Семнадцатого ноября утром он был в Оледжо.

Со времени его свадьбы это был второй его визит к Леоне.

Как и первый раз, Леона ждала его на пороге своего домика.

Эти два сердца, соединенные целомудренной любовью, настолько слились в одно, что Эммануилу и в голову не пришло не явиться на свидание, а Леоне — что он может им пренебречь.

Увидев издалека Леону, Эммануил пришпорил коня: он был счастлив увидеть ее и боялся, что она еще бледнее и ближе к могиле, чем в прошлый раз.

Леона, наверное, предвидела, какое впечатление на ее возлюбленного произведет ее лицо: она накрылась вуалью.

Эммануил вздрогнул, увидев ее: она походила на тот призрак под вуалью, о явлении которого она ему рассказывала год назад.

Он дрожащей рукой откинул покрывало, и на глазах у него появились слезы.
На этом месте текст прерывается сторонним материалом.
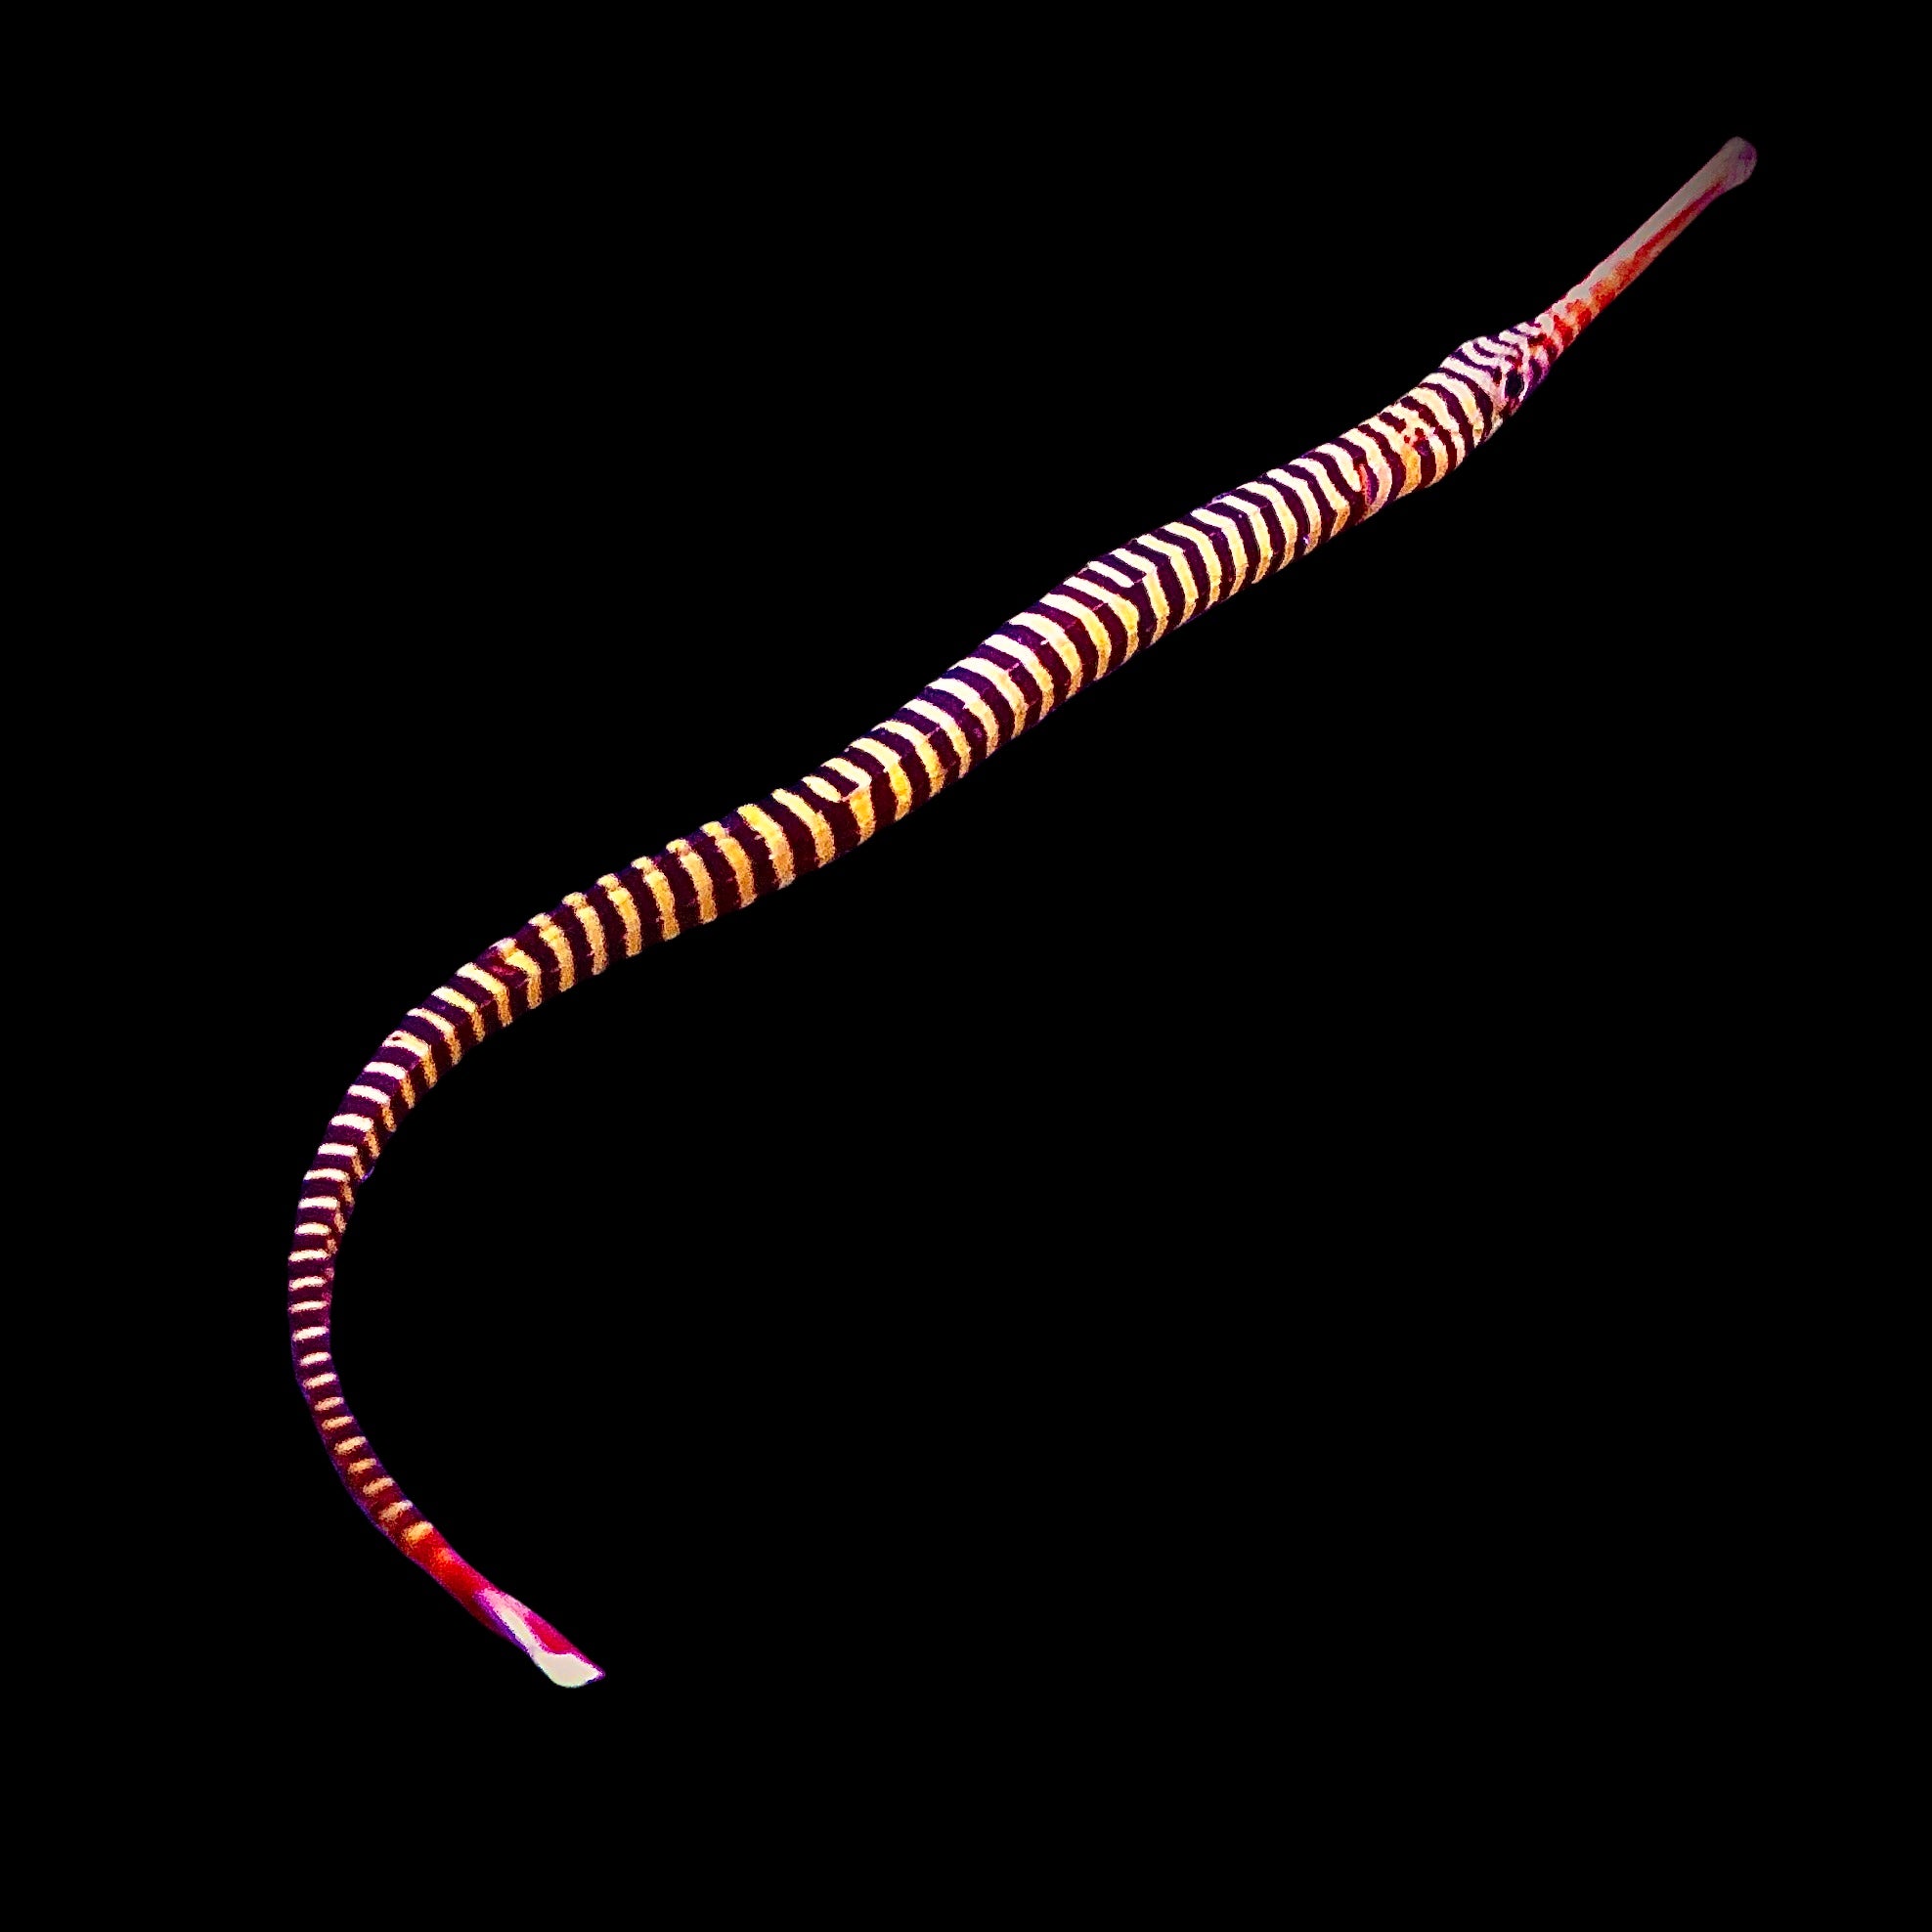 SPECIAL-Aquarium Conditioned-Many Banded Pipefish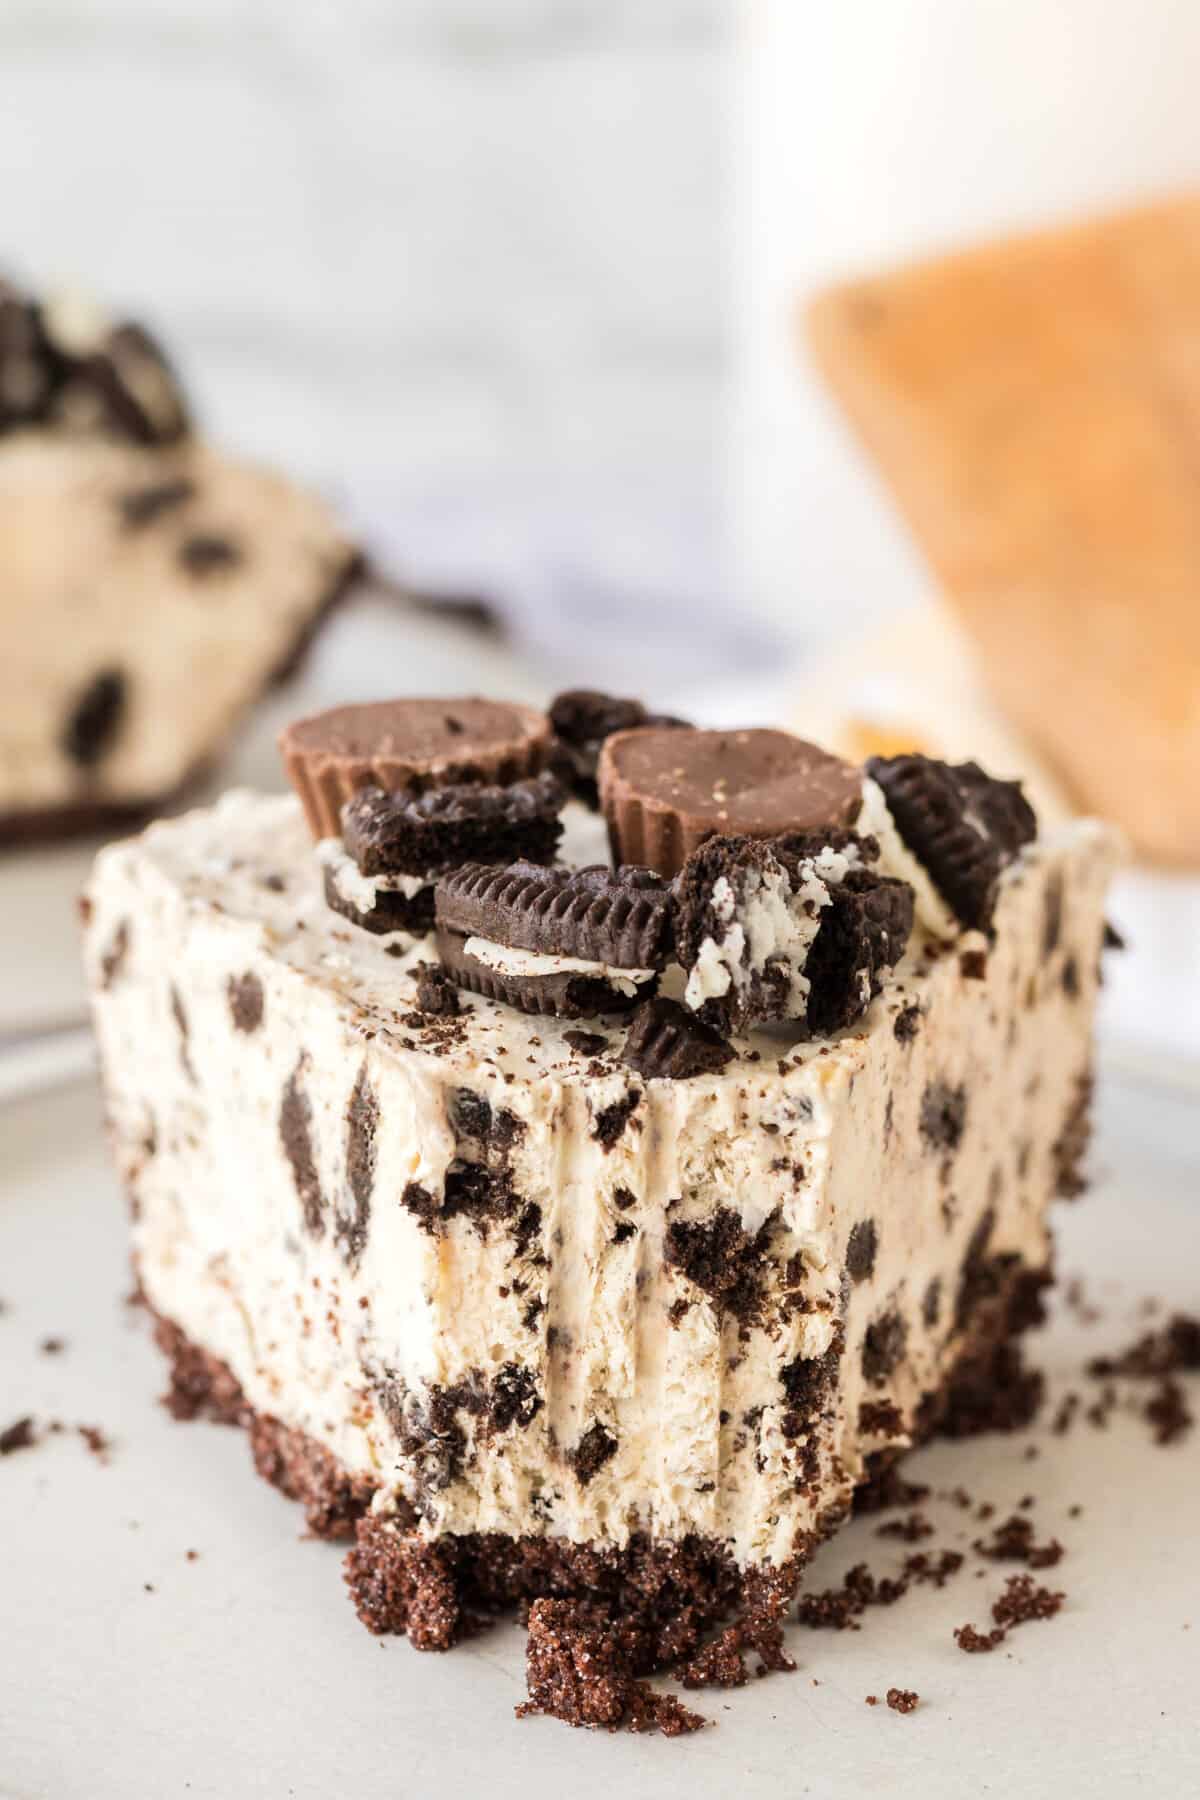 Slice of Oreo Peanut Butter Pie with chocolate crust, creamy peanut butter filling with crushed oreos, and mini reese's and chopped oreos on top. A forkfull has been taken out of the pie.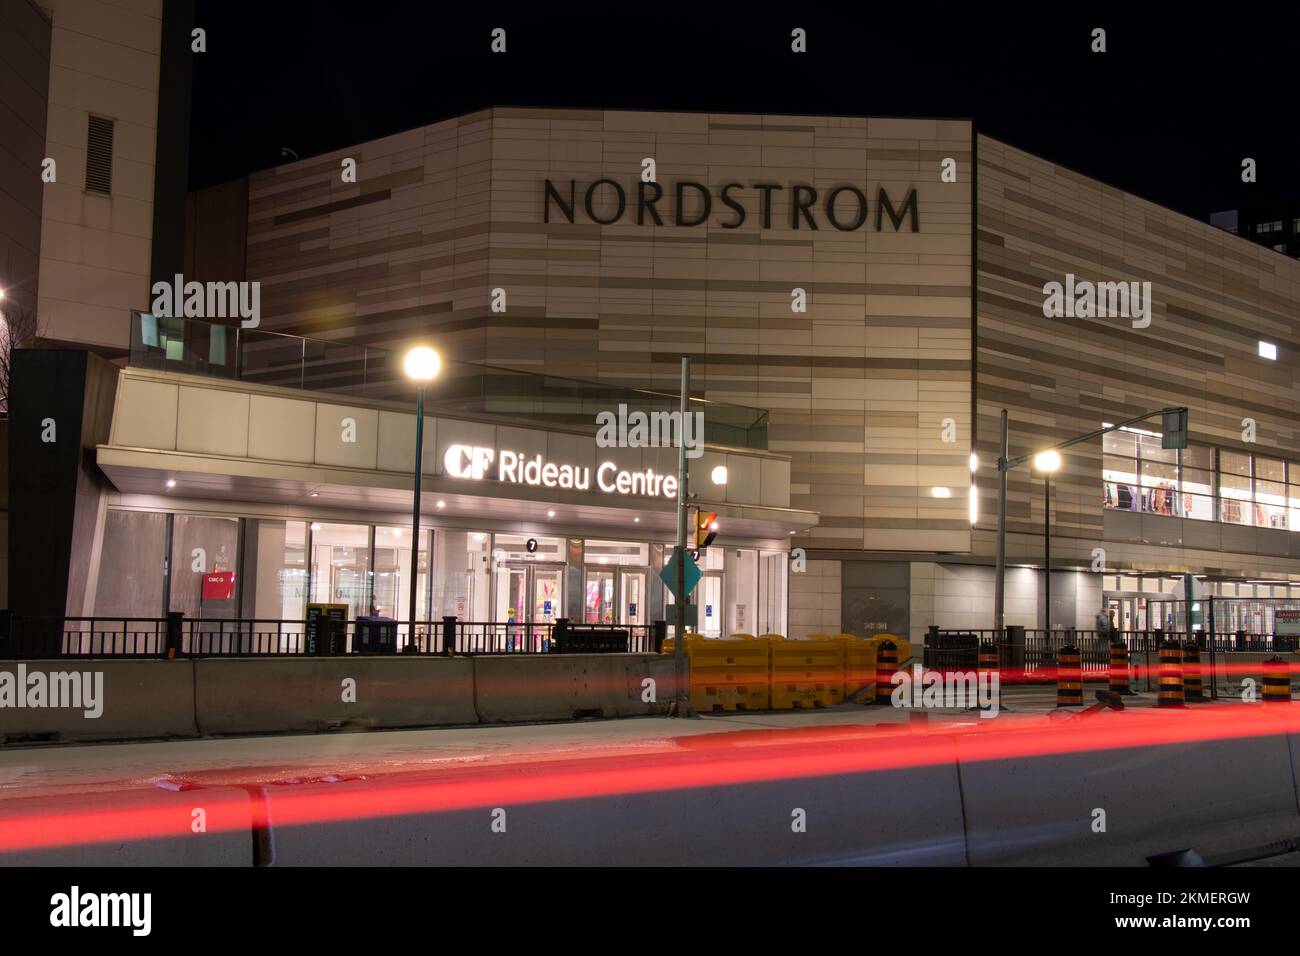 A sign for the CF Rideau Centre and Nordstrom retail store is seen as traffic passes by at night in downtown Ottawa. Stock Photo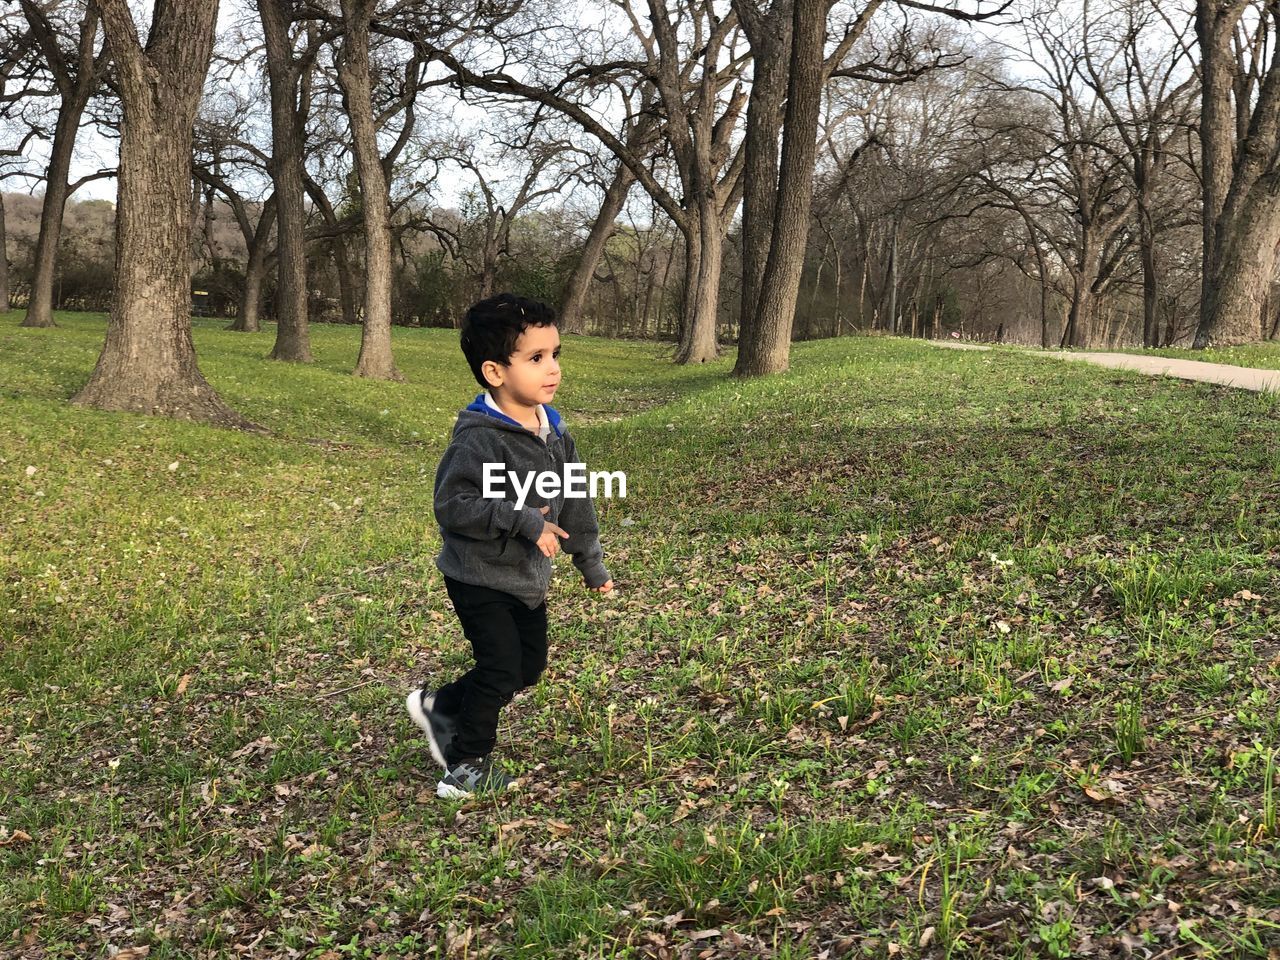 Boy playing in park

Кожа Леоны стала белой, как паросский мрамор, взгляд был готов угаснуть, а голос стал едва слышен. Видно было, что она с трудом заставляет себя жить.

Когда она увидела своего обожаемого герцога, щеки ее слегка порозовели. Сердце ее все еще жило, и каждым своим биением говорило: «Я люблю тебя!»

Стол был накрыт, но Леона не притронулась к еде: казалось, земные нужды и слабости уже покинули ее.

После завтрака она взяла Эммануила за руку, и они снова пошли через деревню тем путем, каким шли год назад.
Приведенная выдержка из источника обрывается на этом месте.